For, at such times, crazy Ahab, the scheming, unappeasedly steadfast hunter of
the white whale; this Ahab that had gone to his hammock, was not the agent that
so caused him to burst from it in horror again. The latter was the eternal,
living principle or soul in him; and in sleep, being for the time dissociated
from the characterizing mind, which at other times employed it for its outer
vehicle or agent, it spontaneously sought escape from the scorching contiguity
of the frantic thing, of which, for the time, it was no longer an integral. But
as the mind does not exist unless leagued with the soul, therefore it must have
been that, in Ahab's case, yielding up all his thoughts and fancies to his one
supreme purpose; that purpose, by its own sheer inveteracy of will, forced
itself against gods and devils into a kind of self-assumed, independent being
of its own. Nay, could grimly live and burn, while the common vitality to which
it was conjoined, fled horror-stricken from the unbidden and unfathered birth.
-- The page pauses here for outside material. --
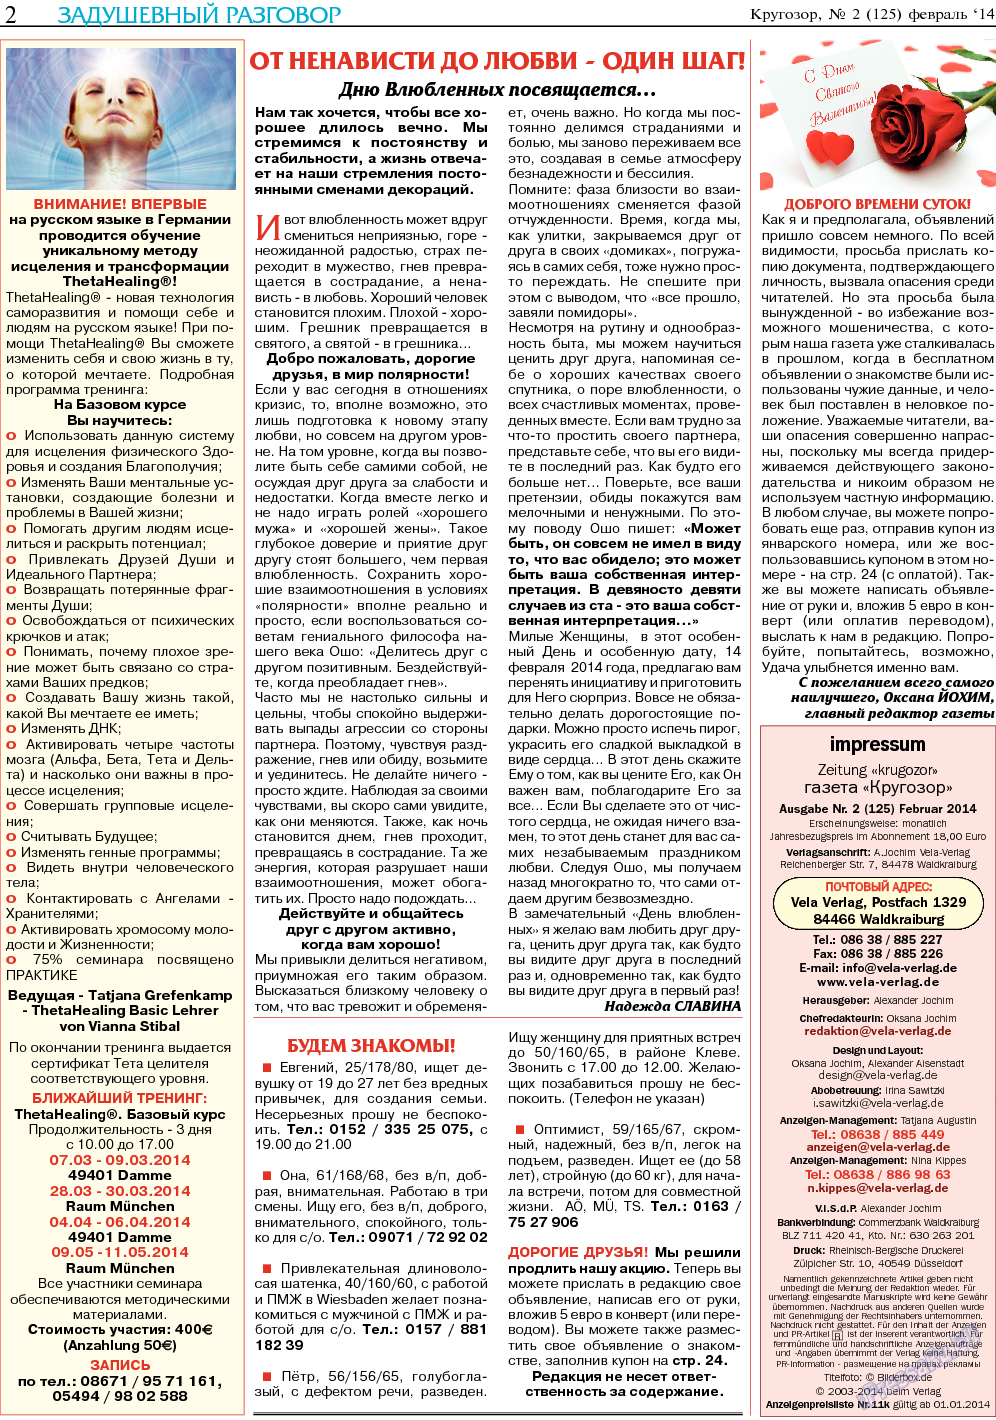 Кругозор, газета. 2014 №2 стр.2

Therefore, the tormented spirit that glared out of bodily eyes, when what
seemed Ahab rushed from his room, was for the time but a vacated thing, a
formless somnambulistic being, a ray of living light, to be sure, but without
an object to colour, and therefore a blankness in itself. God help thee, old
man, thy thoughts have created a creature in thee; and he whose intense
thinking thus makes him a Prometheus; a vulture feeds upon that heart for ever;
that vulture the very creature he creates.